雅楽が終わると、観覧していたデール王は、リュカたちを気遣うようにそっと去り、やがてリュカの胸をしっとりと濡らしたフローラが、ようやく身を離す。
「……落ち着いたかい?」
「ご、ごめんなさいあなた……私……」
「いいよ。悲しかった?」
「……何故でしょう。こう……心の奥からしくしくと切なさが溢れてきて……。ヘンリーさんたちの演技に私……いつの間にか、激しく泣いてしまいました……」
「思い入れがあるんだね、きっと」
リュカの言葉に、フローラは寂しげな微笑みを浮かべる。
「天孫降臨……なんて言うのかしら、こう……どこか懐かしいような……哀しいような……。ふふっ、きっと幼い頃に読んだご本のお話が印象に残っていたのでしょうね、きっと」
すると、狂言衣装を纏ったままのヘンリーが、憮然とした表情で、マリアと共に歩み寄ってくる。
「よう。どうでもいいが、せっかくお前らのために演じたラインハット狂言の最中にいちゃつくのはやめれ」
「え……あっ!」
その言葉に、身を寄せ合い、手をしっかりと握り合っていたリュカとフローラは慌てて身を離す。
「素晴らしい。良いよヘンリー。狂言て、すごく味があって面白いオリエンタルステージじゃないか」
リュカの美辞にも、なお下がり目でリュカを見るヘンリー。
「お前らが抱き合っていた、ものの半時が一番の見せ場だったんだがなあ」
「え……っと――――」
フローラが真っ赤に顔を染めて羞じらう。
「くすっ。ヘンリーさま、良いではありませんか。ヘンリーさまがリュカさまたちにお伝えしたかったことは、伝えられたのでは?」
と、マリア。かく言う狂言の後半は、狂言特有のユニークを交えた演技。心なしお堅い表現で演じられた前半の肩の凝りをほぐす内容だったという。
ヘンリーは後半の見せどころをつぶさに語った後、こう言った。
――――魔王復活を止め、魔族擾乱を収めたと言われている天孫……天空の勇者は、生まれる前から逃れられねえ運命を必至で歩き、生きつづけてきた。

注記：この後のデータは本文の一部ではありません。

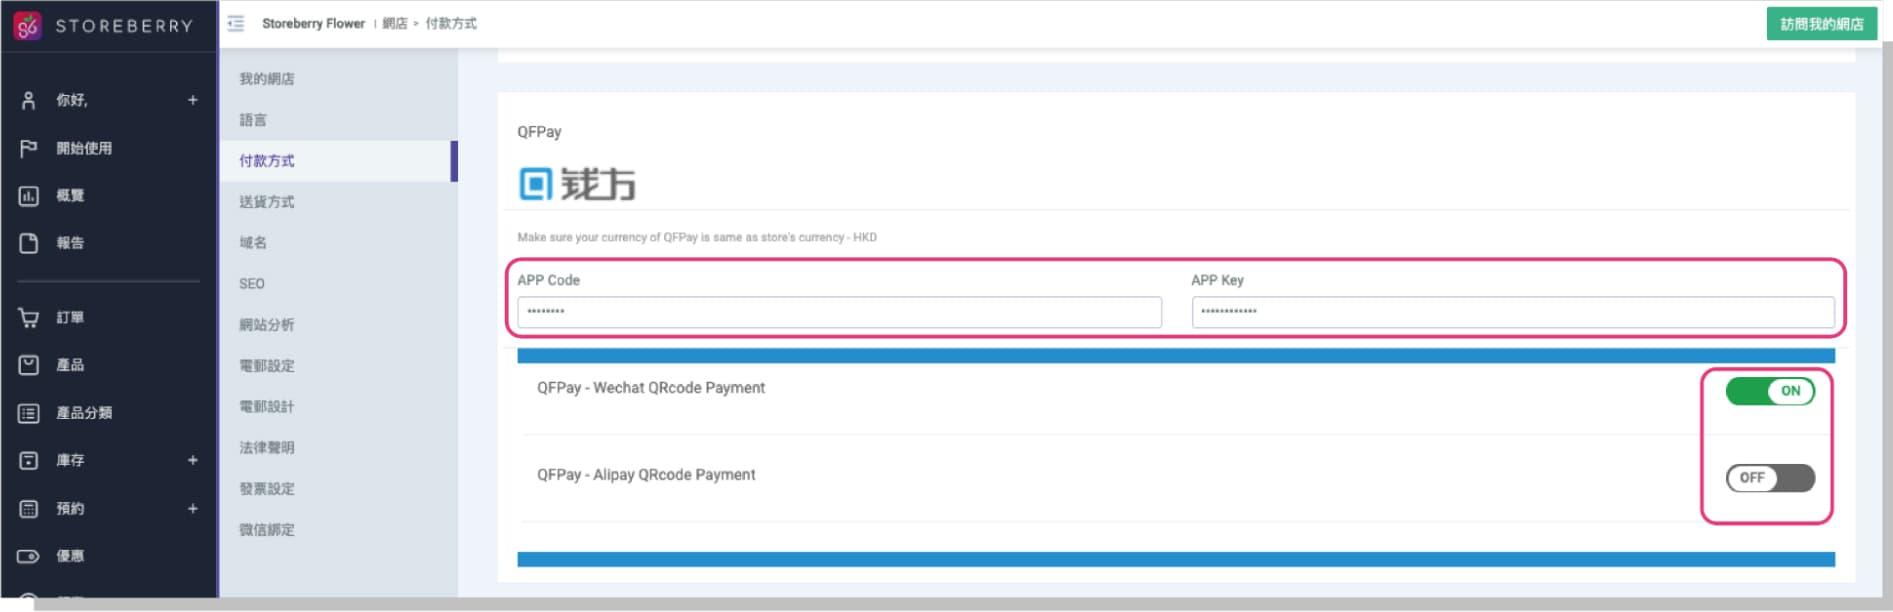 如何設置 QFPay(錢方)付款方式?

この意味を、お前らに見せたこの話……、これを選んだ俺からの贐を、気に入ってくれたらいいなあ。
「ヘンリー……」
リュカがじっと朋友を見つめる。
「ま、まあ、どの意味合いかはお前に任せるが、余計なお世話だったら、勘弁しろ」
「……許す。更に精進したまえ」
偉そうな面持ちで鼻を鳴らすリュカ。本当は別なことを言おうとしたのだが、ヘンリーの言葉を聞いて言い換える。
笑いながらヘンリーはフローラを一瞥してから言い返す。
――――正直、今度はいつ会えるかわからねえだろうから、最後にはっきり言っておくぜ、リュカ。

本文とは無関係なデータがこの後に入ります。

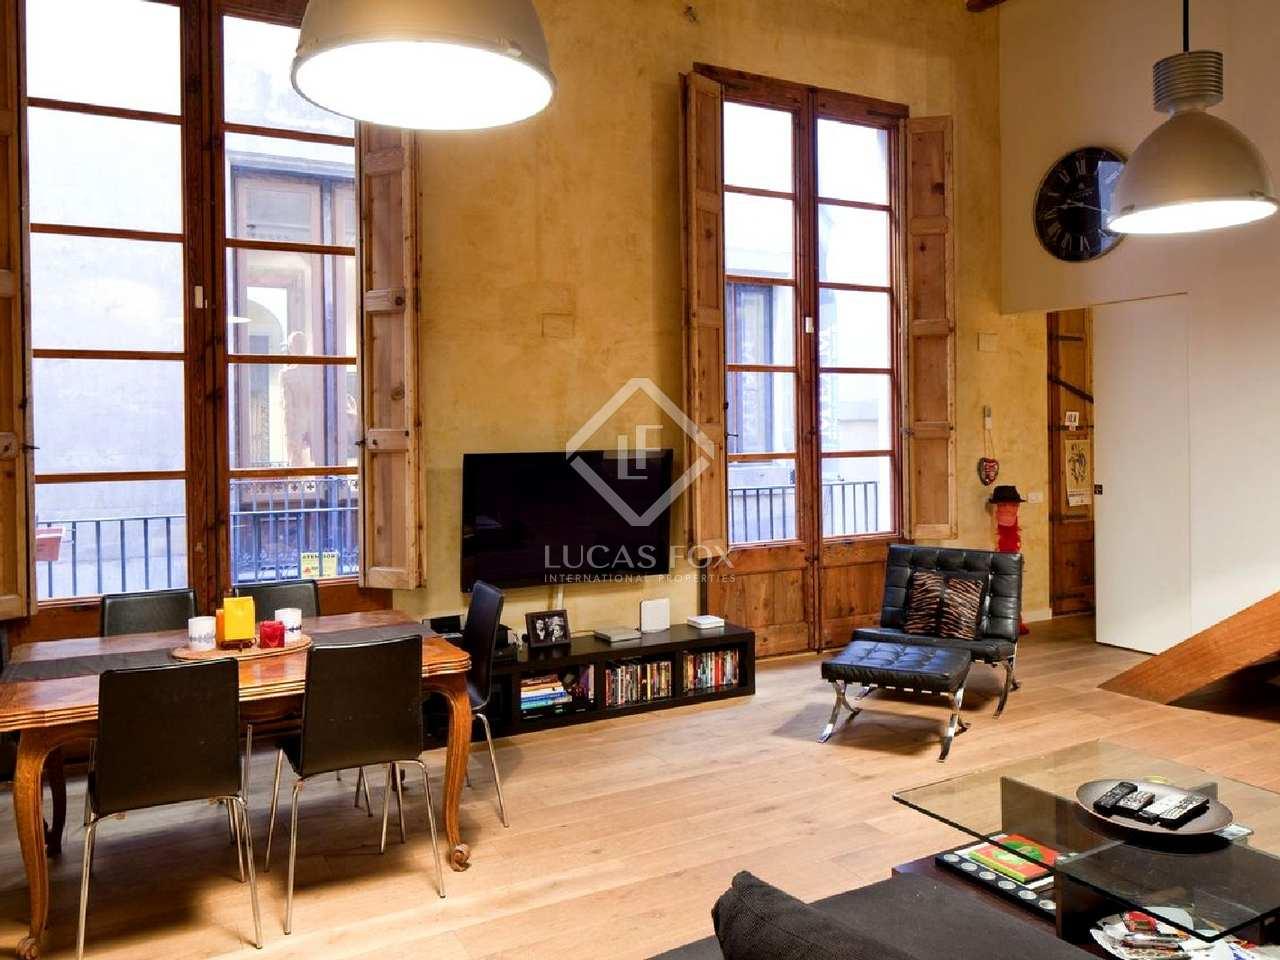 Appartement de 3 chambres coucher en vente au born for Vente de chambre a coucher

……お前らの旅は、人智を超えた……いいや、俗っぽく言や未来図のねえもんだ。
お前の母上も、世界を救う勇者も、今この世にいるかどうかなんて、ぶっちゃけわからねえ。最悪を思えば、結果不毛な旅になるかも知れない。
……それでも、全てを前向きに信じて旅を続けるならば、二人ともこの先、たとえ何があっても互いを信じ、愛し抜け。
未来図のねえ、暗闇の旅を続けるお前らならば、それは簡単なことだろう。
そして何よりも――――
何よりも、血ヘドを噛み砕くくれえ胸の苦しみを乗り越えてきたならば大丈夫だ。
お前らが若樵とユリアになるか、リュカとフローラという伝説の“バカップル”を後世に伝えるかは、全てお前ら次第と言うことだな……。
最後の最後に、ヘンリーは雰囲気を自ら壊す。
「ばかっぷるって……?」
「ばか……ぷる?」
眉をぴくつかせるリュカ。戸惑いがちに両手の人差し指をクルクルと交差させるフローラ。そしてマリアの溜息。
「私、ヘンリーさまのそう言うところ、すごく好きですわよ?」
「そ、そうかー? あははは、いやー照れるなあ」
皮肉もマリアの言葉ならば全て良しに捉える。ヘンリーは心底嬉しそうに、笑っている。すでに説得力はない。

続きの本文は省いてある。